Update: Here is an example code that works fine, but is slow for a sparse matrix of 50.000x50.000 that I want to condense in a 10.000x10.000:
>>> A = (rand(4,4)<0.3)*rand(4,4)
>>> A = scipy.sparse.lil_matrix(A + A.T) # make the matrix symmetric
>>> B = scipy.sparse.lil_matrix((2,2))
>>> for i in range(B.shape[0]):
... for j in range(B.shape[0]):
... B[i,j] = A[i:i+2,j:j+2].sum()
First of all, lil matrix for the one your are summing up is probably really bad, I would try COO or maybe CSR/CSS (I don't know which will be better, but lil is probably inherently slower for many of these operations, even the slicing might be much slower, though I did not test). (Unless you know that for example dia fits perfectly)
Based on COO I could imagine doing some tricking around. Since COO has row and col arrays to give the exact positions:
matrix = A.tocoo()
new_row = matrix.row // 5
new_col = matrix.col // 5
bin = (matrix.shape[0] // 5) * new_col + new_row
# Now do a little dance because this is sparse,
# and most of the possible bin should not be in new_row/new_col
# also need to group the bins:
unique, bin = np.unique(bin, return_inverse=True)
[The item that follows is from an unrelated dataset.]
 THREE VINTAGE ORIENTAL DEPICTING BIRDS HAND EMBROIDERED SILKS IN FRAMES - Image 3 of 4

sum = np.bincount(bin, weights=matrix.data)
new_col = unique // (matrix.shape[0] // 5)
new_row = unique - new_col * (matrix.shape[0] // 5)
result = scipy.sparse.coo_matrix((sum, (new_row, new_col)))
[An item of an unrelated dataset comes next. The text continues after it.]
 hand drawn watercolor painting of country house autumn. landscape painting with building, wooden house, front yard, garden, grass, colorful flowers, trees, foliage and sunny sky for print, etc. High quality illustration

(I won't guarantee that I didn't confuse row and column somewhere and this only works for square matrices...)
Given a square matrix of size N and a split size of d (so matrix will be partitioned into N/d * N/d sub-matrices of size d), could you use numpy.split a couple times to build a collection of those sub-matrices, sum each of them, and put them back together?
This should be treated more as pseudocode than an efficient implementation, but it expresses my idea:
def chunk(matrix, size):
row_wise = []
for hchunk in np.split(matrix, size):
row_wise.append(np.split(hchunk, size, 1))
return row_wise
def sum_chunks(chunks):
sum_rows = []
for row in chunks:
sum_rows.append([np.sum(col) for col in row])
return np.array(sum_rows)
Or more compactly as
def sum_in_place(matrix, size):
return np.array([[np.sum(vchunk) for vchunk in np.split(hchunk, size, 1)]
for hchunk in np.split(matrix, size)])
This gives you something like the following:
In [16]: a
Out[16]:
array([[ 0, 1, 2, 3],
[ 4, 5, 6, 7],
[ 8, 9, 10, 11],
[12, 13, 14, 15]])
In [17]: chunk.sum_in_place(a, 2)
Out[17]:
array([[10, 18],
[42, 50]])
For a 4x4 example you can do the following:
In [43]: a = np.arange(16.).reshape((4, 4))
In [44]: a
Out[44]:
array([[ 0., 1., 2., 3.],
[ 4., 5., 6., 7.],
[ 8., 9., 10., 11.],
[ 12., 13., 14., 15.]])
In [45]: u = np.array([a[:2, :2], a[:2, 2:], a[2:,:2], a[2:, 2:]])
In [46]: u
Out[46]:
array([[[ 0., 1.],
[ 4., 5.]],
[[ 2., 3.],
[ 6., 7.]],
[[ 8., 9.],
[ 12., 13.]],
[[ 10., 11.],
[ 14., 15.]]])
In [47]: u.sum(1).sum(1).reshape(2, 2)
Out[47]:
array([[ 10., 18.],
[ 42., 50.]])
Using something like itertools it should be possible to automate and generalise an expression for u.